Central Bank advocates pay cuts but escapes the axe

Date Released: 16 Dec 2009

“It is a cruel irony that the lowest paid public servants and the unemployed will endure cuts of up to 5% but the wholly owned Anglo Irish Bank, the Central Bank and the Financial Services Authority, whose failures triggered the collapse of the economy will once again avoid the consequences”, Dave Hughes, Deputy General Secretary of the Irish Nurses Organisation said today. He was speaking after a meeting of the 24/7 Frontline Services Alliance held to discuss the emergency legislation currently being pushed through the Dail.

He asked why the staff of the Financial Services Authority and the Central Bank had had their status changed as public servants by the Government in the space of nine months.

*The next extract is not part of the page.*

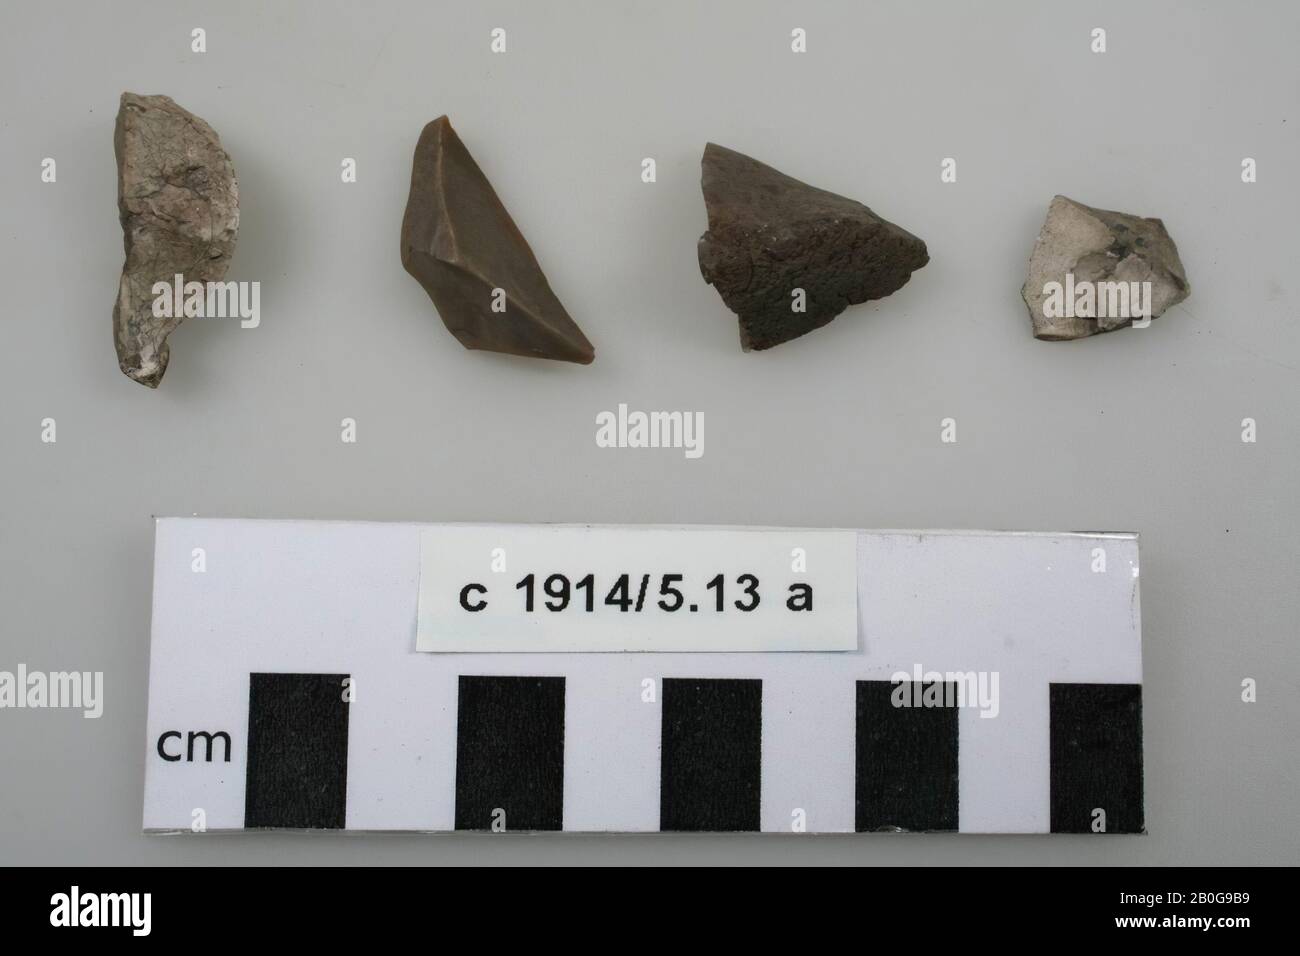 4 (fragmentos de?) herramientas de piedra, piedra, piedra, piedra, 2.6 x 2.5 x 1.3 cm (objeto más grande), prehistoria -1200 Foto de stock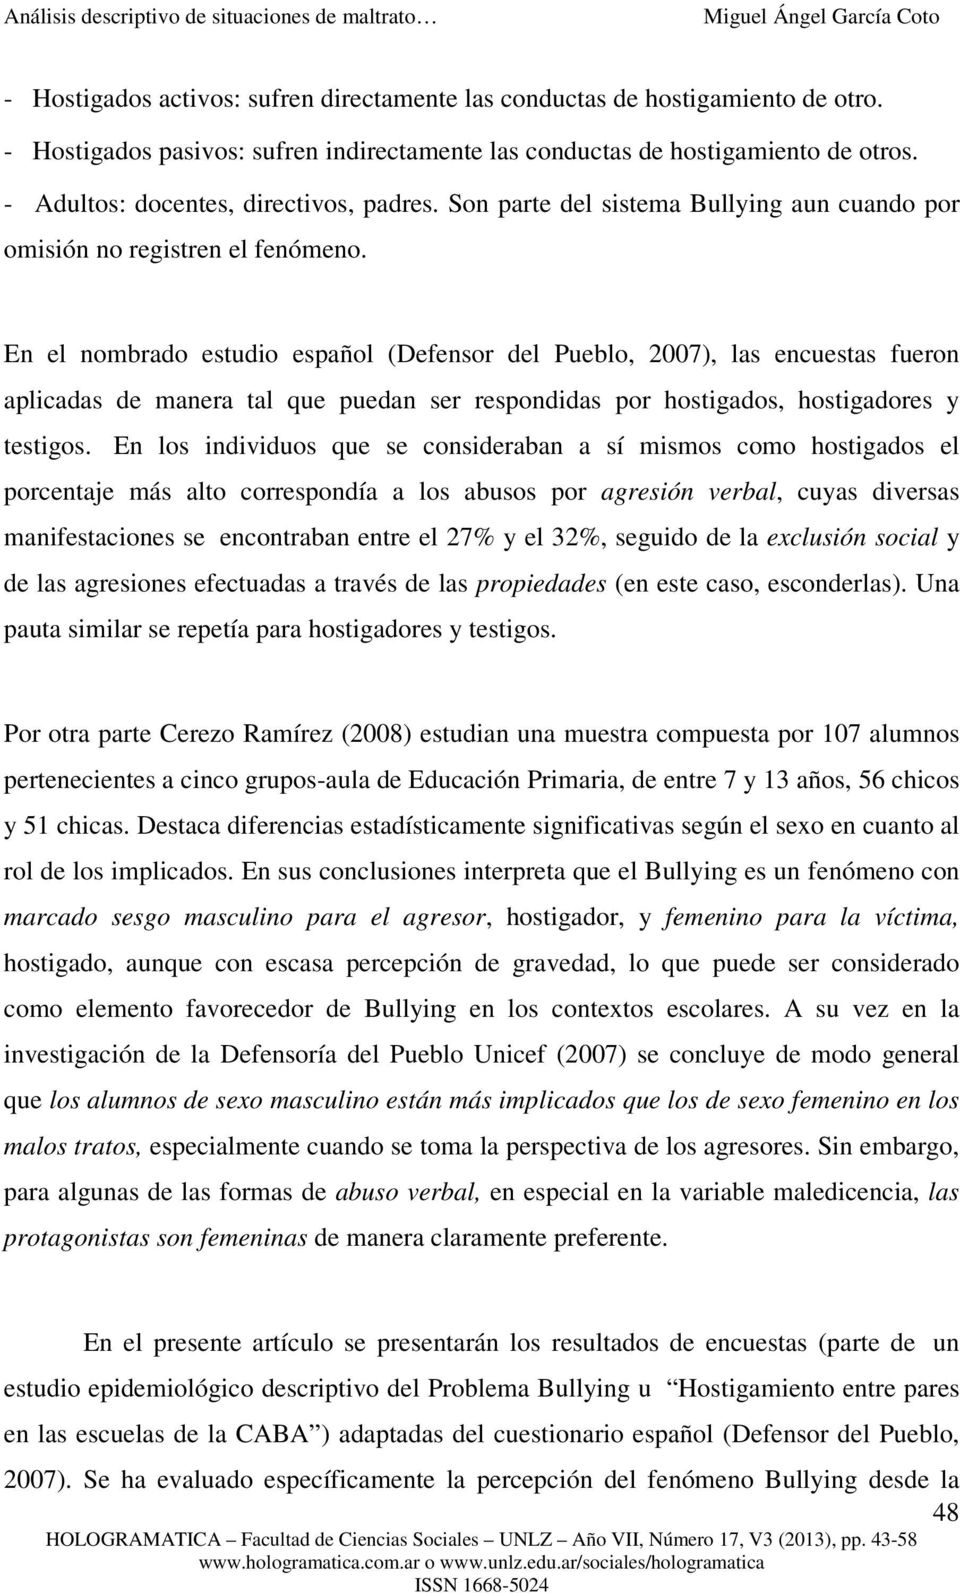 En el nombrado estudio español (Defensor del Pueblo, 2007), las encuestas fueron aplicadas de manera tal que puedan ser respondidas por hostigados, hostigadores y testigos.

Pointing to the Government’s second Emergency Bill to reduce the pay of Public Servants he said that, “Legislation which imposed the pension levy applied to the Central Bank staff but the pay cut now being imposed on all public servants will not apply to the Governor of the Central Bank, or his staff.

“It is quite extraordinary that the Governor of the Central Bank who called for cuts in public service pay managed to escape the very pay cut he advocated. If any arms of the state were more accountable for allowing the misbehaviour of banks go unchecked it was the Central Bank and the Financial Services Regulator.”